1032 異變的開端(2/2)
「好久不見,不知道我應該稱呼你為什麼?」我拋開腦海中那些雜訊,只以一個久違的一面之緣者的姿態,面對這位末日代理人。如今,我已經極為深刻地明白,他自稱末日代理人,並非只是一個酷酷的稱號,而是,他本身的行動,的確就是一種末日降臨的徵兆。他不站在末日幻境的任何勢力一邊,因為,他的立場,從一開始就已經註定了。
一個以「江」為因,以「江」為果的存在。他代表的,是一個龐大又複雜的意志,這個意志到底是「病毒」的還是「江」的,其實並不需要深究,因為,在我如今的解讀中,「病毒」和「江」其實就是一體兩面,因為觀測角度不同,而呈現出來的片面形象罷了。從這個意義上,我反感「病毒」而喜歡「江」,其實是最為可笑滑稽又不合邏輯的,但是,感性使然,讓我也不打算改變。
因此,換一個角度去看待這位末日代理人,他和我大致可以算做是同一方的吧。不過,要說我的出現,在某種意義上,就是「江」的出現,那麼,末日代理人的出現,自然也不會帶來任何好消息。
「末日代理人,卡門,或者艾魯卡……我比較喜歡你稱呼我為卡門。」末日代理人卡門如此說到。
「那麼,卡門,為什麼你會在這裡?」我問出了自認為最重要的問題。
「因為你在這裡。」卡門饒有深意地回答道,他看著我的雙眼,我卻覺得,他是在透過我的心靈之窗,和深淵之下的「江」對視。開啟心靈之窗,走進意識深處的力量,在這個平凡的世界裡也是沒有效果的,不過,或許心理學暗示和催眠可以有更強的效力,我沒有嘗試過,因為在這之前,沒有這麼做的必要。我不喜歡窺視他人的內心,也不喜歡操縱他人的意識,戰鬥可以無所不用其極,不過,正常又平凡的生活,不需要如此極端的鬥爭手段。
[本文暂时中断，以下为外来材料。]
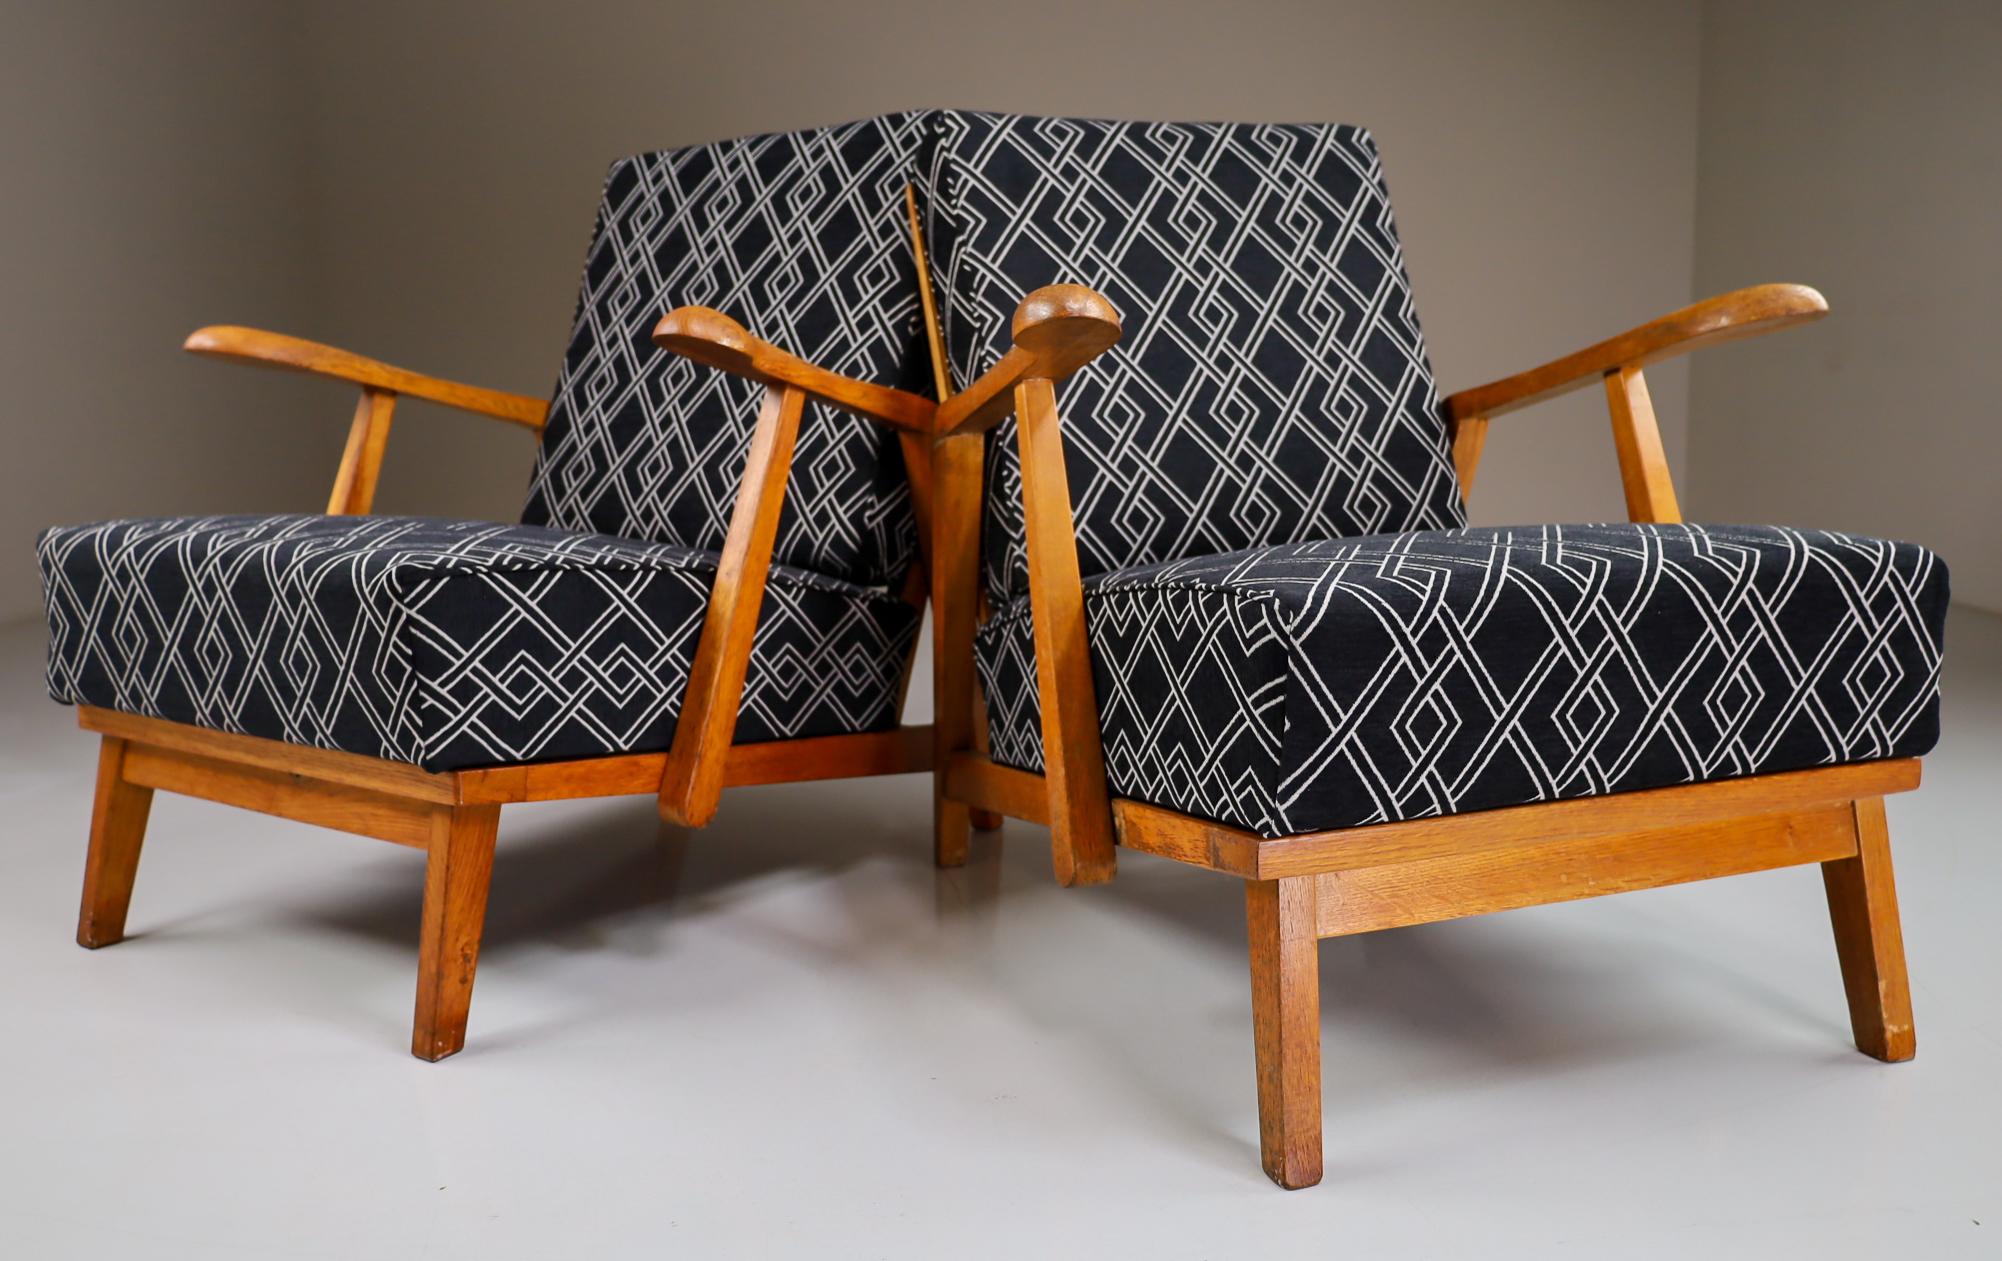 Pair of two original midcentury sculptural armchairs or lounge chairs manufactured and designed in France 1950s. Made of solid oak and professionally reupholstered. These armchairs would make an eye-catching addition to any interior such as living
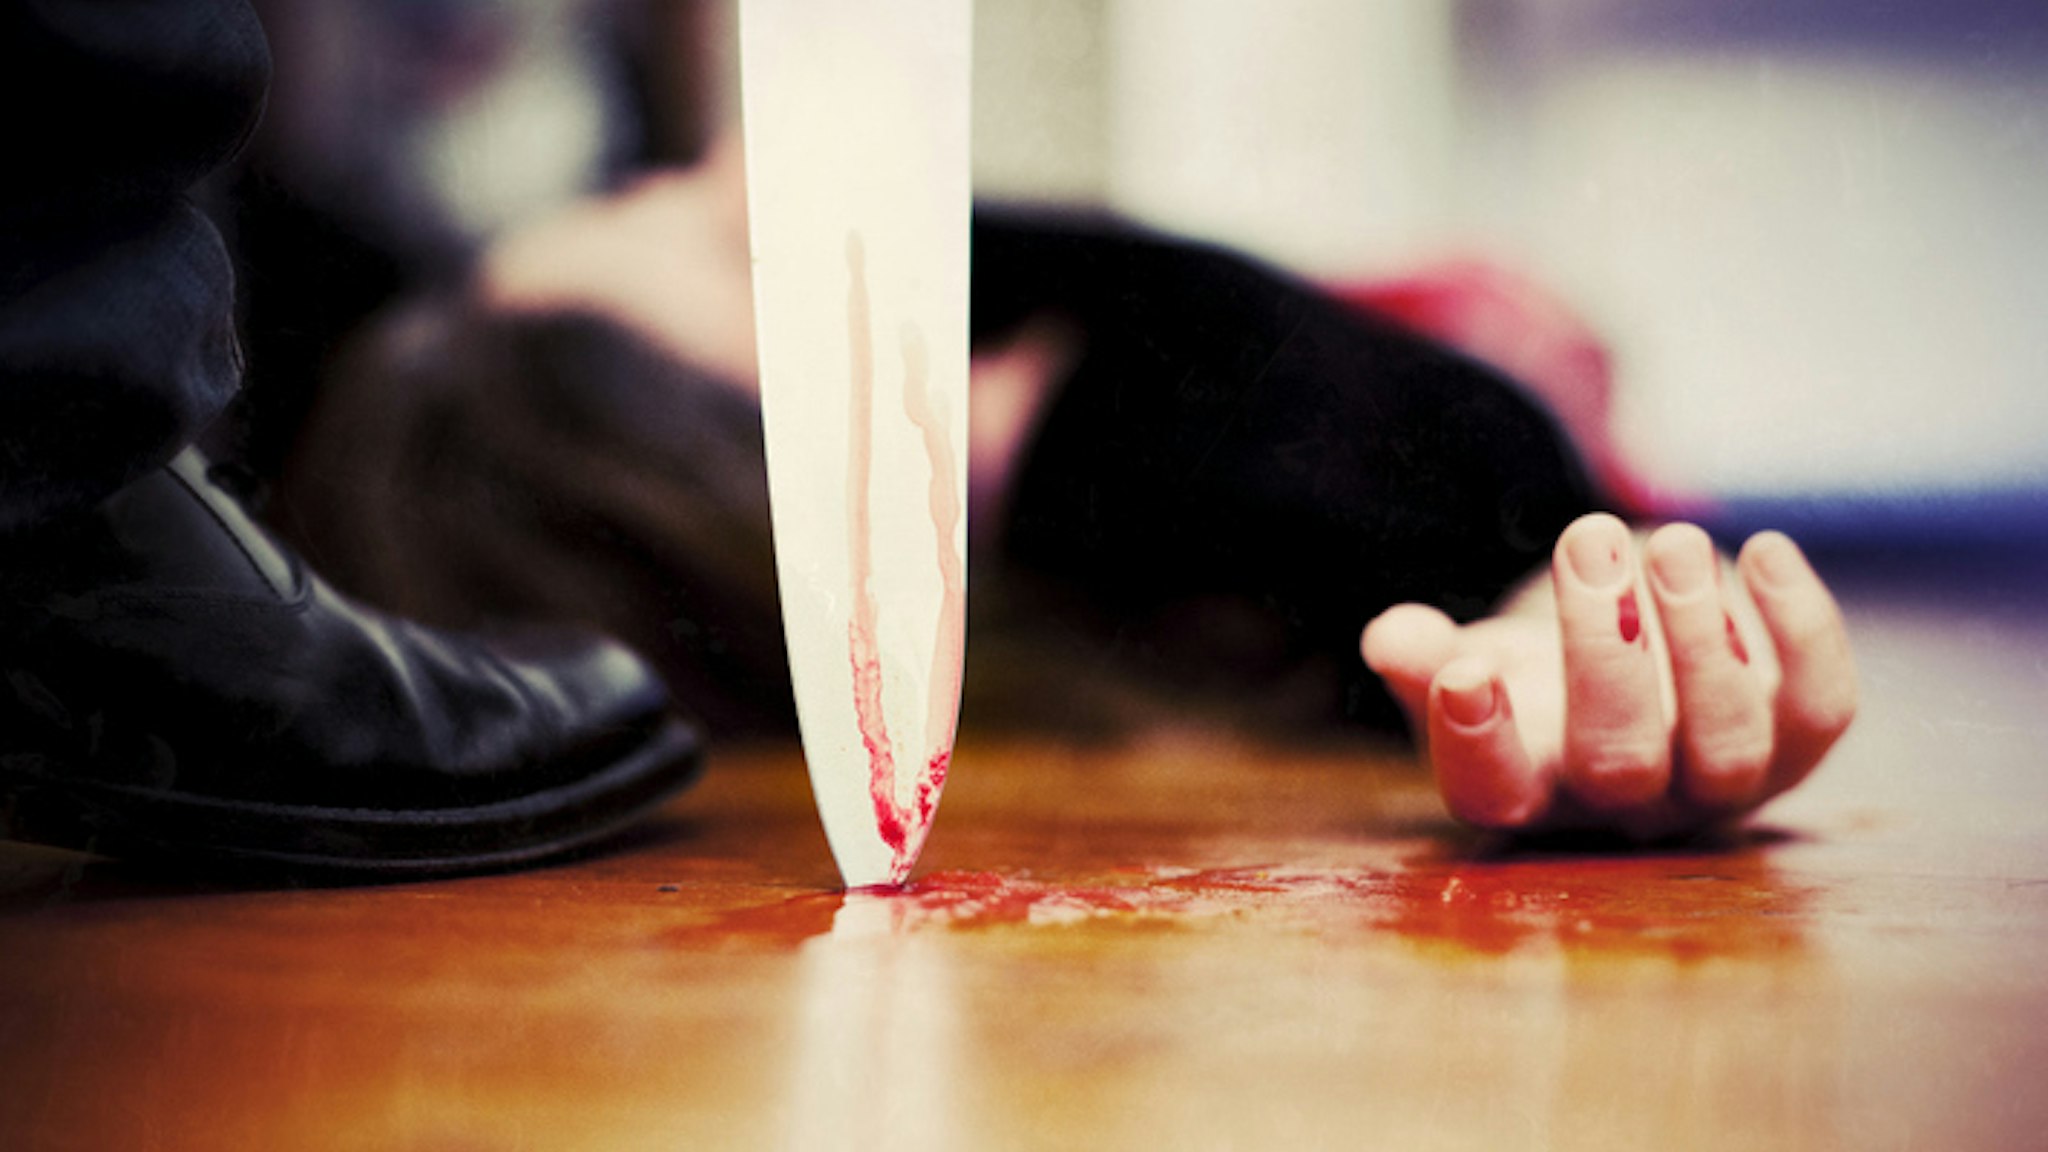 "Close up on a bloody knife planted on a wooden floor, a killing scene"

我武裝自己,僅僅是為了保持戰鬥的意志罷了。
「那麼,換句話來問吧,你所求者為何物?」我直接了當地問道。
「心中的自由。」卡門的聲音,也變得肅穆起來,他的回答是認真的。
「向何處尋求?」我繼續問道。
「意識的深處。」他回答。
「你的終點在哪裡?」我又問。
「江所在的地方。」他如此說到。
「……江不在這裡體現。」我沉默了一會,告知於他。
「那是因為時機未到。」卡門的聲音十分慎重。
「時機為何?」我不由得問到。
「精神統合裝置。」卡門那藏在陰影下的臉,勾起一道深深的弧度,顯然他已經胸有成竹。
「精神統合裝置……在這裡?」我有些驚訝。
「你不知道?」卡門的語氣顯得有些驚訝,但很快就沉寂下去,「你只是不願意去這麼想而已。精神統合裝置不在這裡,但是,這個世界是通往精神統合裝置所在的地方。既是陷阱,也是通路。」
「所以,這個世界的真相,就是中繼器的陷阱?」我不由得苦笑,「這裡不是真實的嗎?我從來都沒有感覺過,這麼真實的世界。」
「我從來都沒有說,這並非一個真實的世界。」卡門的聲音響起來,「它並非虛假,也並非真實,既是虛假也是真實,它在每個人的心靈深處,是相對於異常危險的,正常和平的體現,如果非要做一個定義,大概就是最現實的理想鄉吧。是不是很難想像?納粹中繼器的最強防禦,竟然是這樣的一個世界,但是,正因為所有的異常都不存在,所以,從某種意義上,的確是針對任何擁有異常和神秘的入侵者的最強防禦,我喜歡稱呼這裡為絕對領域。」
「這是我希望的,也是他人所希望的世界?」我轉過身,看向走廊窗外的都市風景,夕陽的光輝,讓水泥鋼筋建築群的輪廓變得柔和起來,就像是,沐浴在一種被神眷顧的溫暖之中,「我喜歡這個世界,但是,這個世界並不歡迎我們這樣的存在。」
「是的,所以,我們的選擇只有一個。」卡門說,我的直覺開始出現異樣的反應,那是異常出現時的直覺,我猛然轉過頭,只看到卡門手中的沙漏,已經開始落沙,它就像是一個信號,而且是已經響起的信號,充滿了不詳,不需要解釋,也能讓凝視者下意識覺察,有什麼變化已經開始發生了。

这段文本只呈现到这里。